I saw this video on the internet of a kid about 13 or 14 that had set up a video camera so he could tape him self lifting weights with a curl bar. He was so concentrated on the camera that when he lifted the bar one end of it went right into the fisht tank. Needless to say he went from big weight lifting tough guy to mommy mommy i broke the tank.


----------



## fish_doc (Jan 31, 2005)

Its a funny video. Here is a link to it.
http://www.ifilm.com/ifilmdetail/2684787http://www.ifilm.com/ifilmdetail/2684787?refsite=7063&ns=1

Good thing he had a smart mother to try and save some of the water for the fish.


----------



## pkillur (May 24, 2006)

*Busted Stuff...*



meyerhaus said:


> My uncle is a carpenter...a good one. However, when my cousin Joey (3 at the time) found my uncle Joe's hammer, he thought it would be cool to fix his favorite thing in the house: "The fiss tunk." It was like watching a movie in slow motion...we just sat there when he yelled "Bob the Builduh" and smashed it right into a 55 with some Red Devils.

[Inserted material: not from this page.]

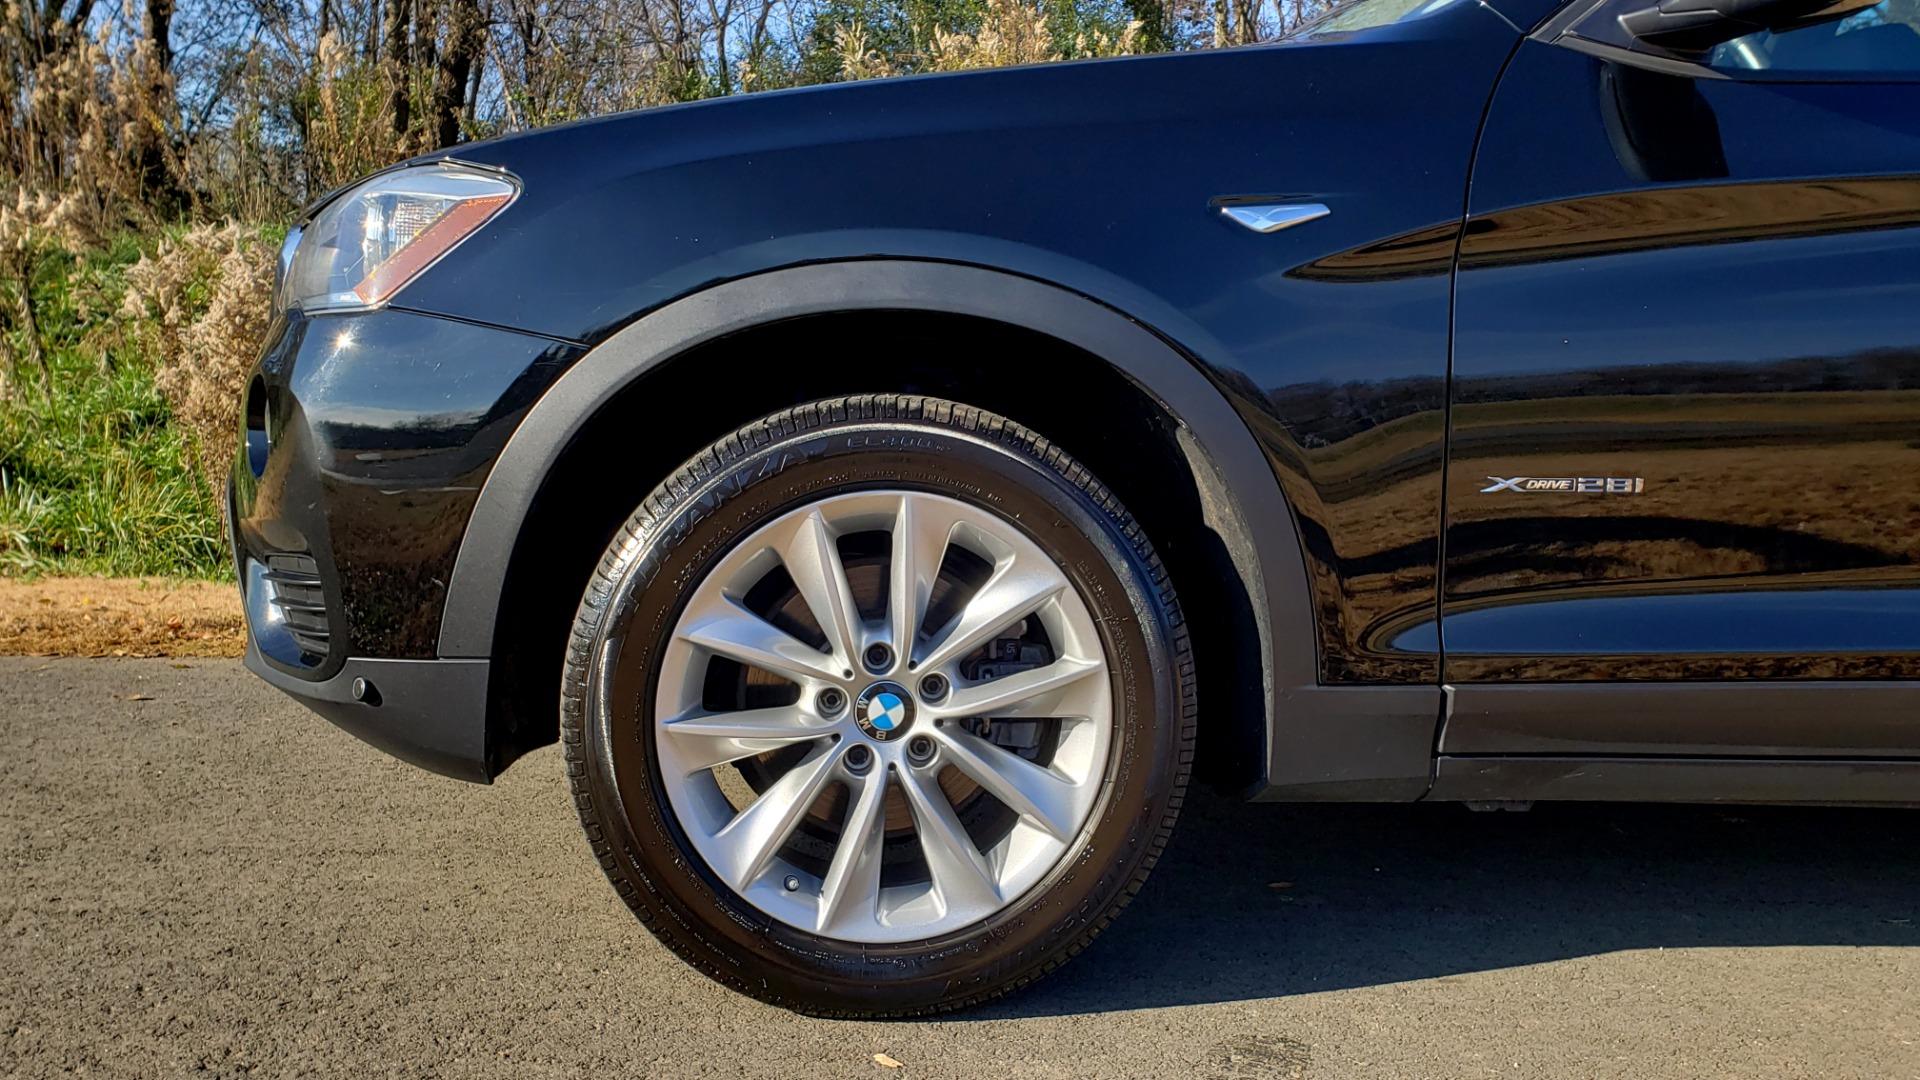 Used 2017 BMW X3 XDRIVE28I / PREM PKG / NAV / DRVR ASST / HTD STS / CAMERAS for sale Sold at Formula Imports in Charlotte NC 28227 90

The water flowed out in one big flood. While my aunt was more concerned for her carpet, I ran to the garage where I knew there was a 20 gallon stainless troughthat my uncle had JUST cleaned. I hastily filled it halfway with hose water, threw in some Chloramine/Chlorine treatment and then got two big buckets of hot water to level out the temp. My uncle was thinking the same way I was: save the fish. He had 4 Devils in a sauce pan (don't worry...it was luke warm water) and acclimated them to the trough water.
> 
> We didn't laugh right away...but now that I look back, it was priceless.


That's hilarious. I blogged about my tank cracking a few weeks ago. It was a friggen' show tank that I had bought from a guy on craigslist, a "Good deal" from a guy with a bunch of cichlids... My 9 1/2 month pregnant wife and I got a 4:30 AM surprise one morning...


----------



## fish_doc (Jan 31, 2005)

That is definately one way to wake up quick.


----------



## Guest (Jun 2, 2006)

Let the tank sit for atleast a week...maybe even 2 weeks. Its better to be safe than sorry. If you can, put the tank on some dry newspaper...instead of the stand, like on a porch or in the basement. That way you can check the paper for any water spots.


----------